A general overview of the pathogenesis of gastric Helicobacter infections is shown in Figure 19.1.


Virulence Mechanisms of Gastric Helicobacters Involved in Adhesion and Colonization


Gastric helicobacters are able to survive the acidic environment of the stomach by expressing urease at a high level. The presence of flagella and genes encoding proteins involved in chemotactic behavior allow helicobacters to move actively away from low pH regions toward more neutral regions of the gastric mucosa (Haesebrouck et al. 2009). Once the helicobacters reach the inner mucus layer, their motility decreases, possibly optimizing their attachment to gastric epithelial cells. In contrast to H. pylori, most gastric NHPH are found deep in the gastric pits (Figure 19.2; Haesebrouck et al. 2009).
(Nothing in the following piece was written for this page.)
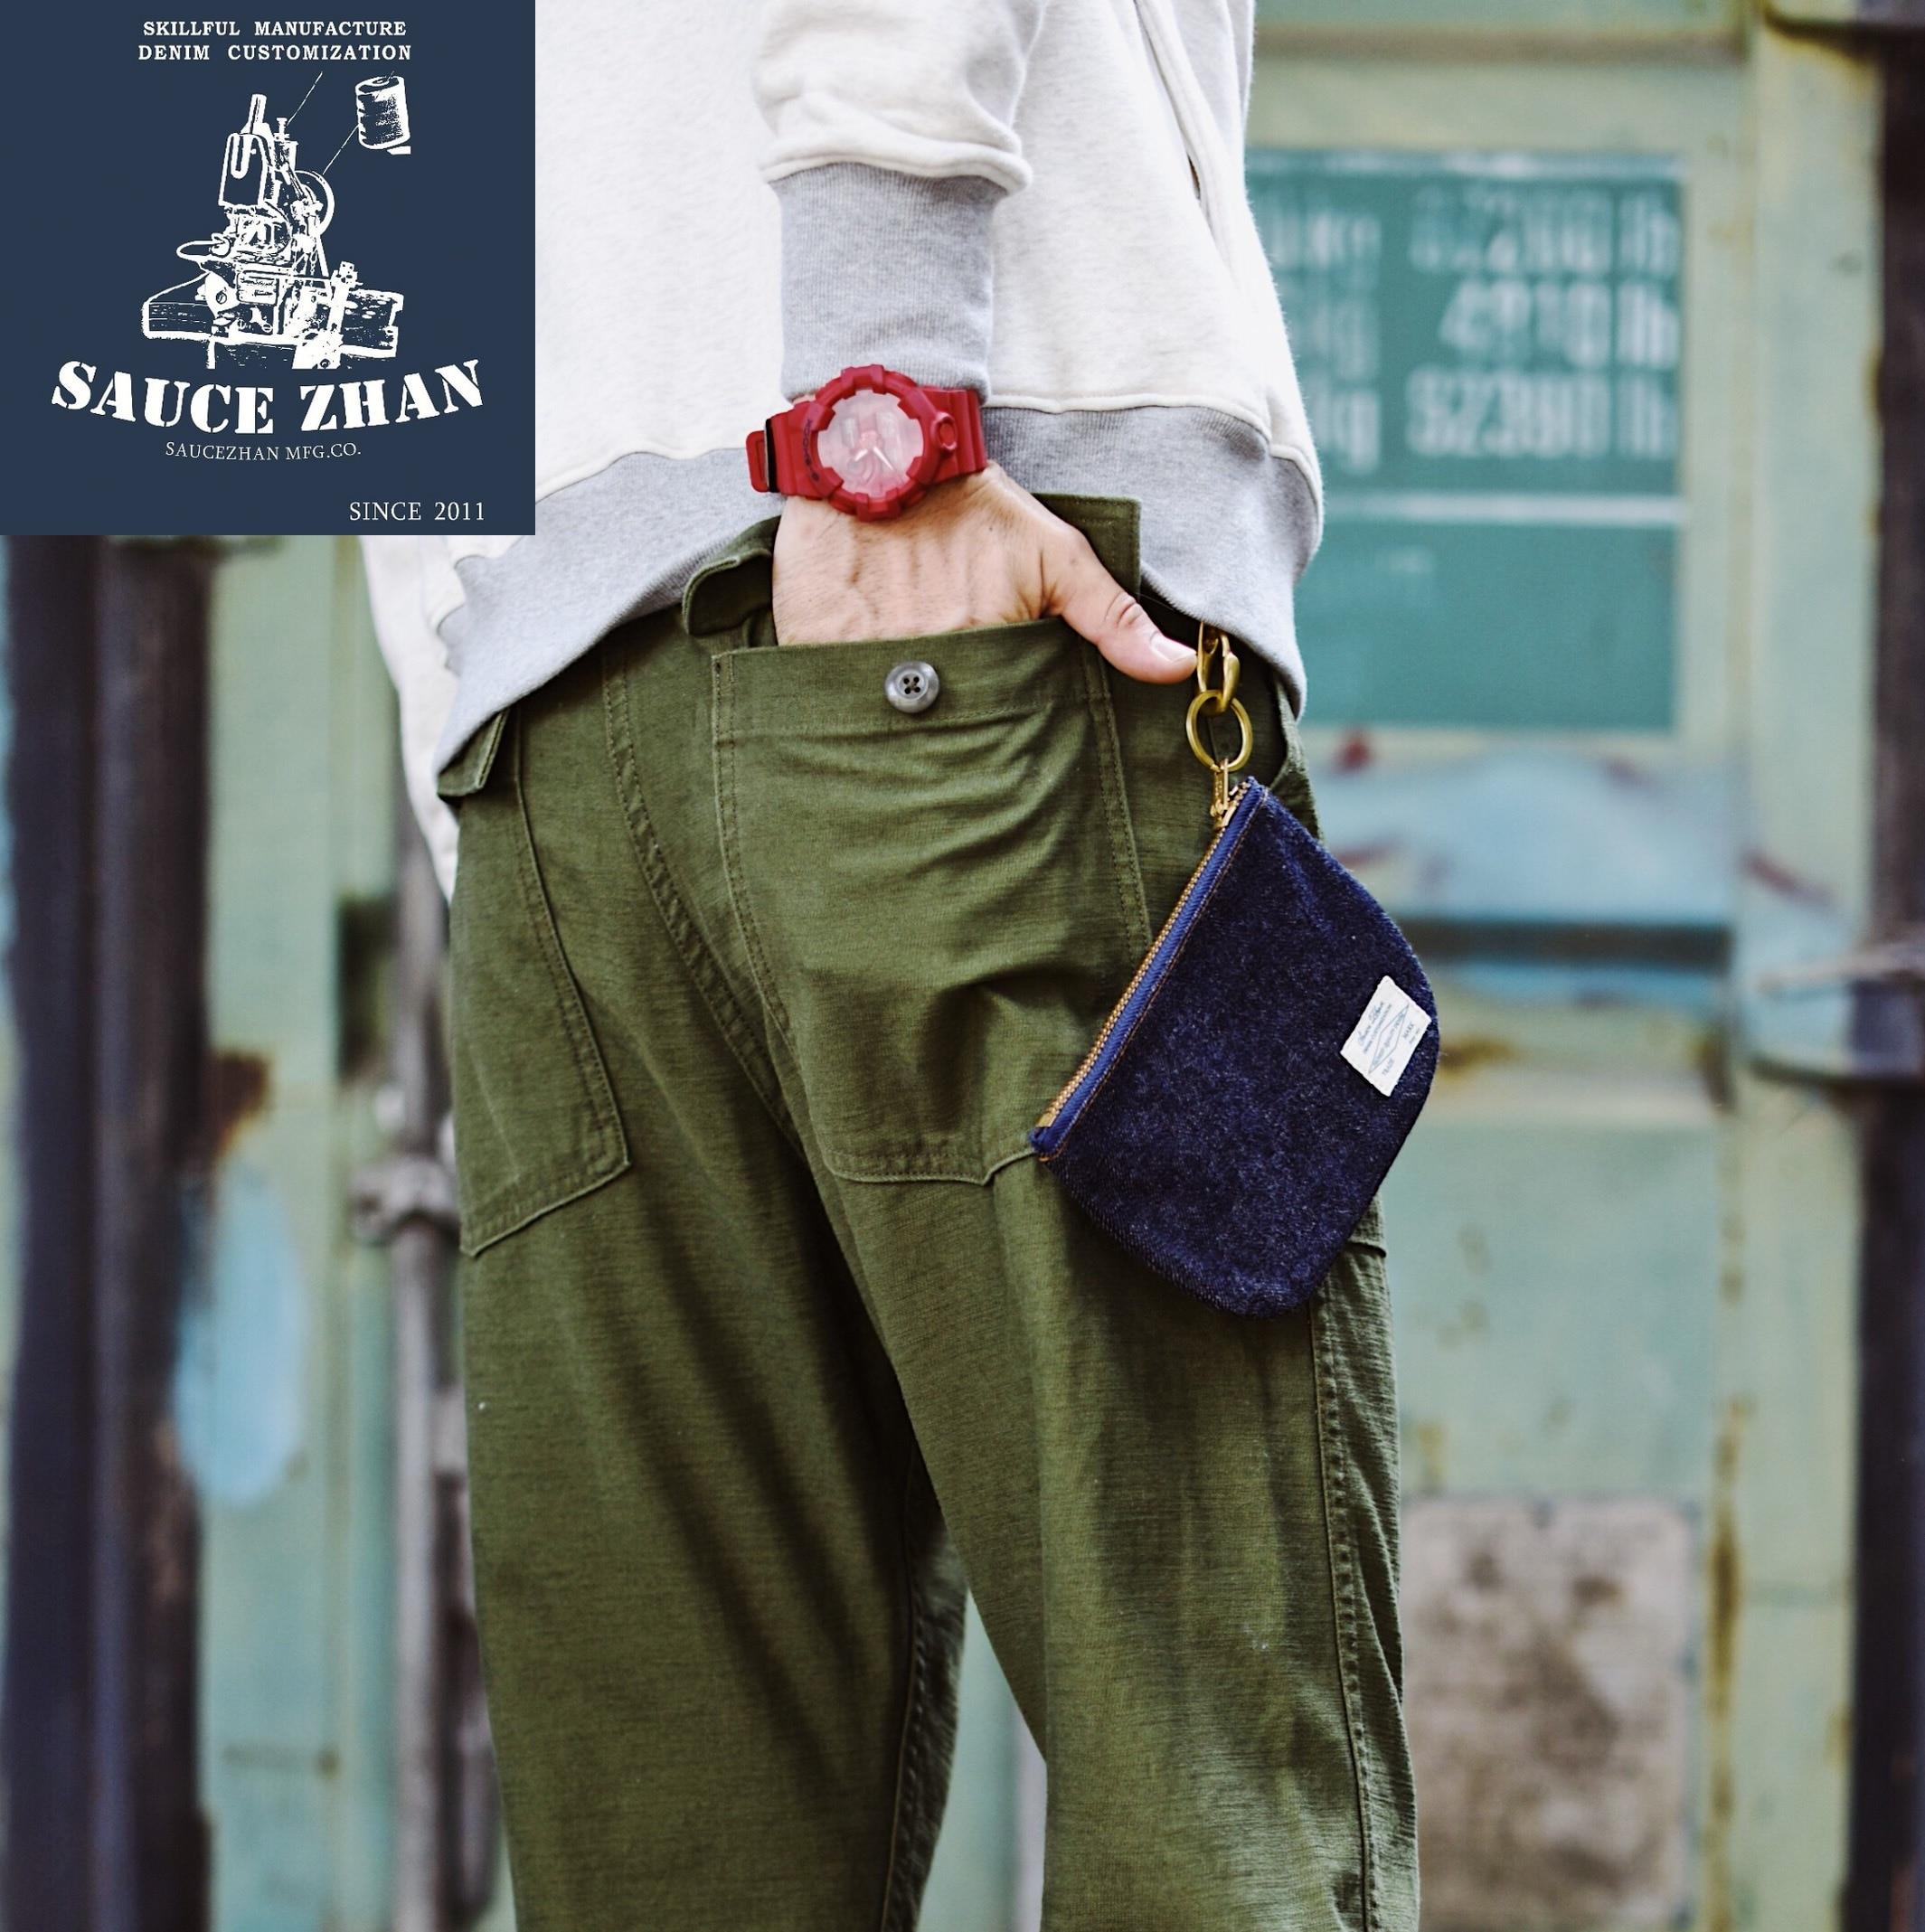 SauceZhan OG 107 疲労ユーティリティパンツミリタリーパンツレトロビンテージクラシックズボンメンズパンツパンパンツ  グループ上の メンズ服 からの カジュアル パンツ の中 2

Binding to mucins and epithelial cells is an important step in the pathogenesis of Helicobacter infections. The transmembrane Muc1 is constitutively expressed by gastric epithelial cells and most likely serves as a first point of adherence for Helicobacter. Experimental infection of BALB/c mice with H. heilmannii resulted in an increased expression of the secreted mucin Muc6 and the transmembrane mucin Muc13 in the first nine weeks post‐infection (Liu et al. 2014), indicating that both mucins might play a role in NHPH adhesion and colonization. Furthermore, H. suis has been shown to bind to acidic glycan structures and glycans terminating with galactose, while type 2 Lewis antigens and terminal α‐GalNAc most likely play a role in adhesion of gastric NHPH to the canine gastric mucosa (Amorim et al. 2014).


Table 19.1 Helicobacter species and their pathogenic significance for humans and animals.


Source: adapted from Haesebrouck et al. (2009).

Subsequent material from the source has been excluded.